Desde 2005, o Brasil passou por um forte processo de desindustrialização, com a participação da indústria de transformação no PIB caindo de cerca de 17% em 2005 para pouco mais de 10% em 2019. No mesmo período, a participação dos produtos primários na pauta de exportações superou a participação dos produtos manufaturados. A classificação da economia brasileira no Atlas de Complexidade Econômica caiu da 34 posição em 2005 para a 49 posição em 2018 (ver The Atlas of Economic Complexity (harvard.edu)), mostrando de forma clara a perda de sofisticação da estrutura produtiva no Brasil. A manutenção de uma taxa de câmbio competitiva é condição necessária, mas não suficiente, para reverter esse quadro. O Brasil precisa retomar, urgentemente, as políticas industrial, de ciência e tecnologia e inovação com o objetivo de modernizar o parque industrial brasileiro, de maneira a preparar nossa indústria para a próxima Revolução Industrial que será baseada na descarbonização da estrutura de produção e consumo. Se perdermos essa janela de oportunidade o Brasil irá se transformar num grande “fazendão”.  
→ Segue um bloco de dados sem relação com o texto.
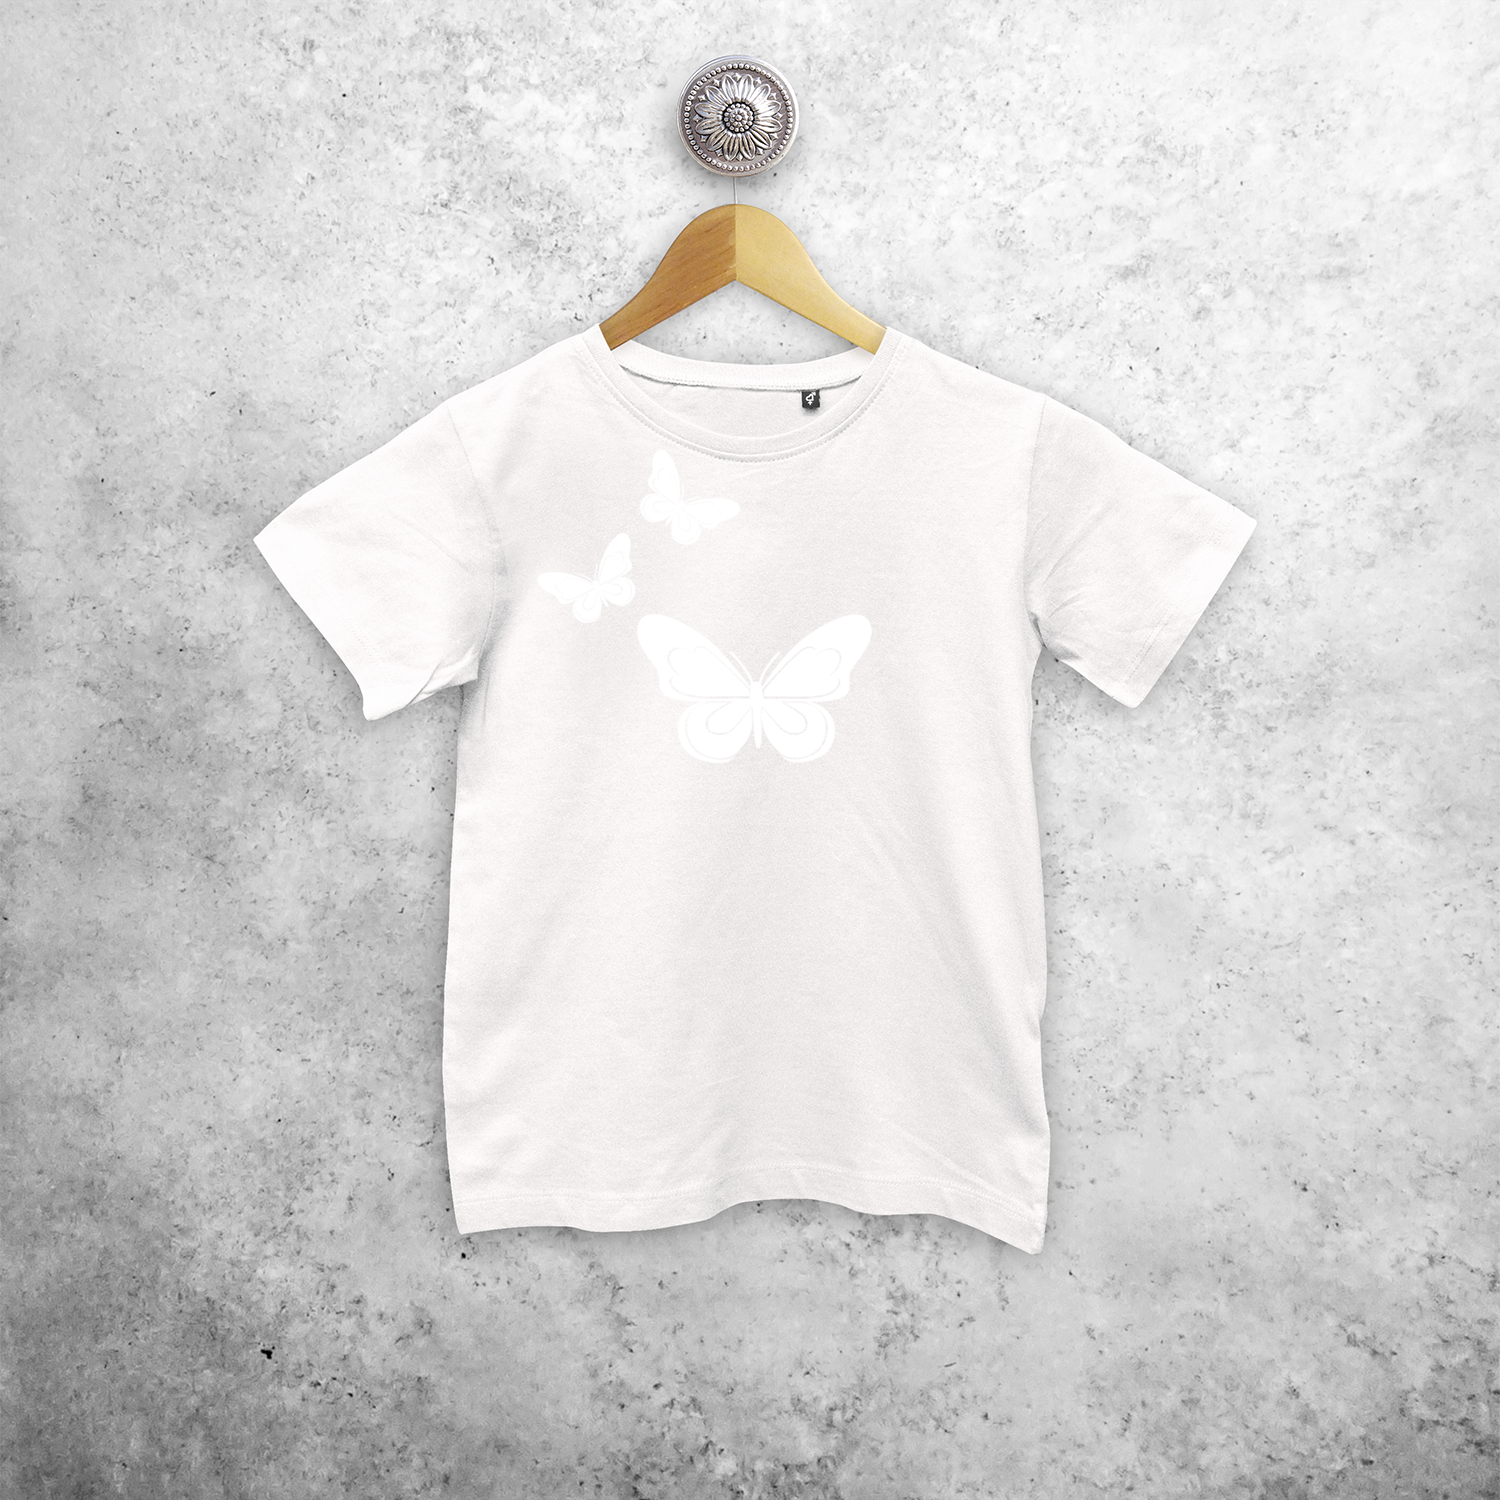 Butterflies magic kids shortsleeve shirt
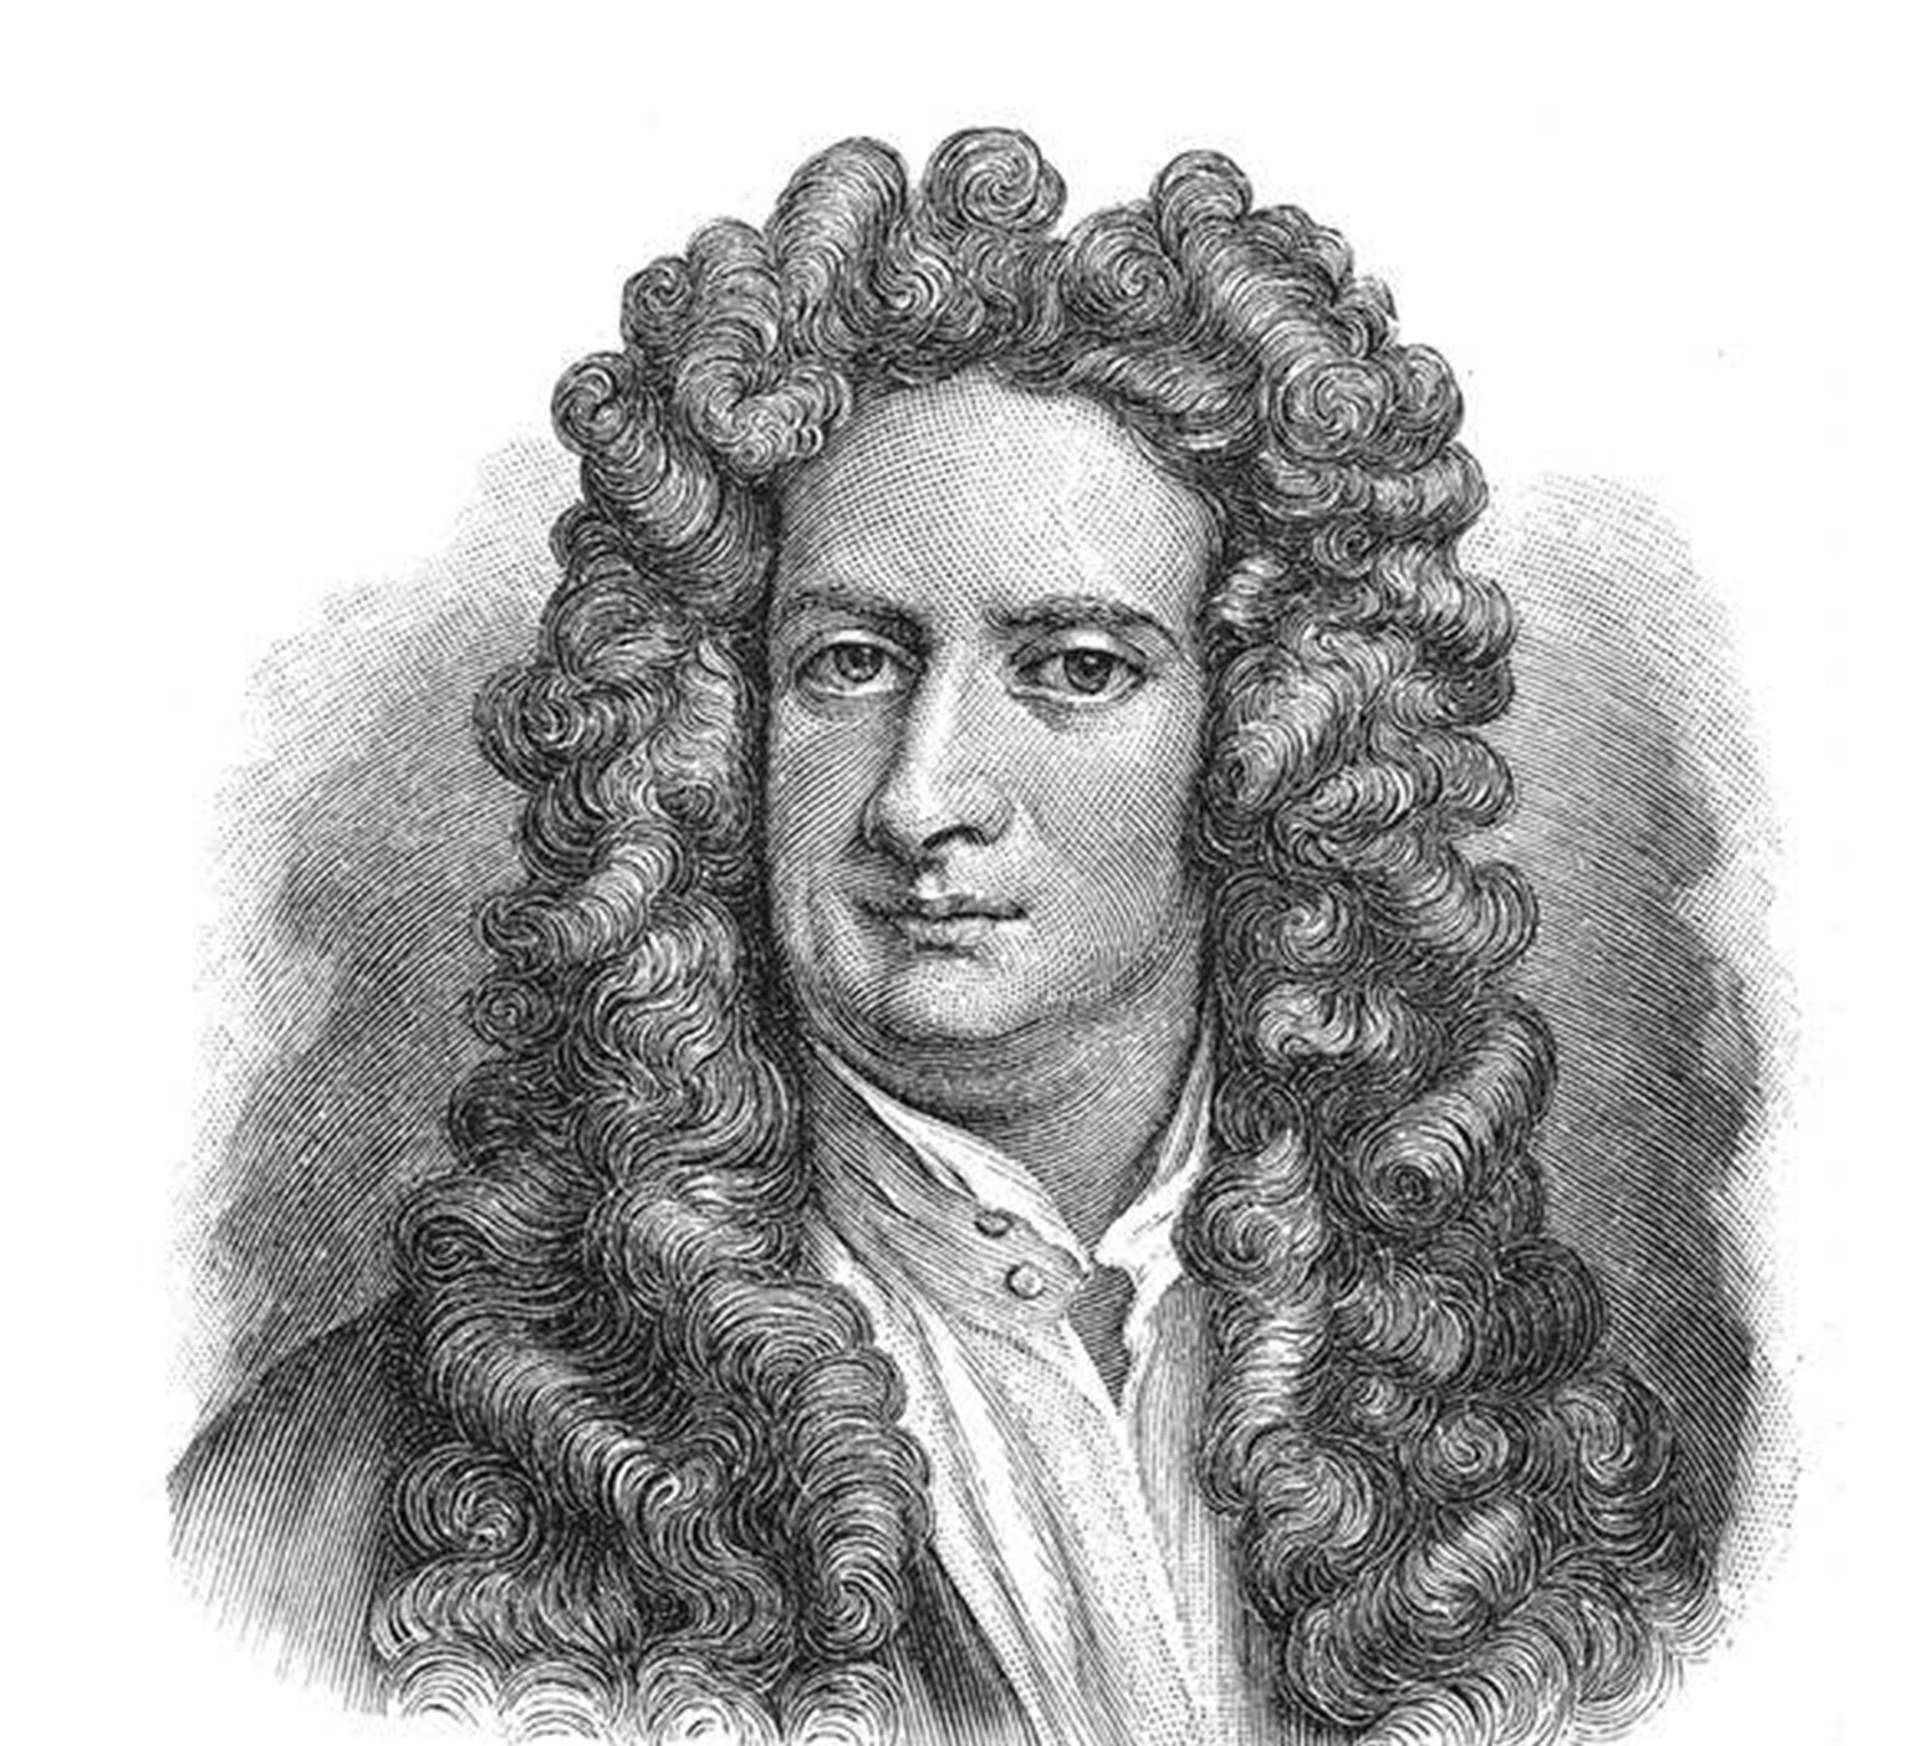 近代物理学之父牛顿,怎样专研知识,终成为百科全书式的全才

Efeitos do novo ciclo de commodities se restringem ao entorno do campo (Folhapress, 27/06/2021)

Tags

Arquivo/Ricardo Teles/EBC

Na avaliação de especialistas, ainda que os dois ciclos favoreçam as exportações brasileiras e tenham o mesmo indutor (um aumento da demanda da China por alimentos e minério de ferro), a alta de preços acontece em momentos muito distintos para o Brasil.

Ao contrário do boom de commodities que ocorreu aproximadamente de 2003 a 2013, o novo ciclo, que ganhou impulso no ano passado com o início da recuperação após a crise causada pela pandemia do novo coronavírus, ainda tem efeitos limitados nos outros setores da economia brasileira.

“O agronegócio hoje é maior do que era antes. Em tese, o ciclo atual estaria impactando mais, mas os outros setores [como indústria e serviços] estão em uma situação muito pior. O campo ajuda, mas tem muita coisa para resolver nas outras áreas”, diz Alexandre Mendonça de Barros, da consultoria MB Agro.

Pelo CRB (Commodity Research Bureau), índice que acompanha o comportamento dos produtos básicos (como soja, petróleo e minério de ferro), o aumento dos preços desses produtos foi de 51,5% em um ano até maio. No ciclo anterior, o pico havia sido em junho de 2008, com um aumento de mais de 100% na comparação com o início da alta de preços, pouco mais de cinco anos antes.

O efeito disso tem se irradiado para o consumo e a renda nas cidades próximas ao campo, que experimentam desde um boom imobiliário –como em Goiânia, onde esse mercado cresce desde 2016– à falta de máquinas agrícolas devido à alta procura. Mas acaba sendo insuficiente para chegar ao resto do país, como ocorria antes.

O ex-presidente do Banco Central Ilan Goldfajn é um dos que acreditam que o boom anterior e o ciclo atual devem ter efeitos diferentes para o país. Se o dos anos 2000 se deu por um aumento de preços pelo forte crescimento da China e dos Estados Unidos, o movimento atual ocorre por uma recuperação cíclica, após uma grave crise, e não é possível prever ainda quanto tempo ele irá durar, diz.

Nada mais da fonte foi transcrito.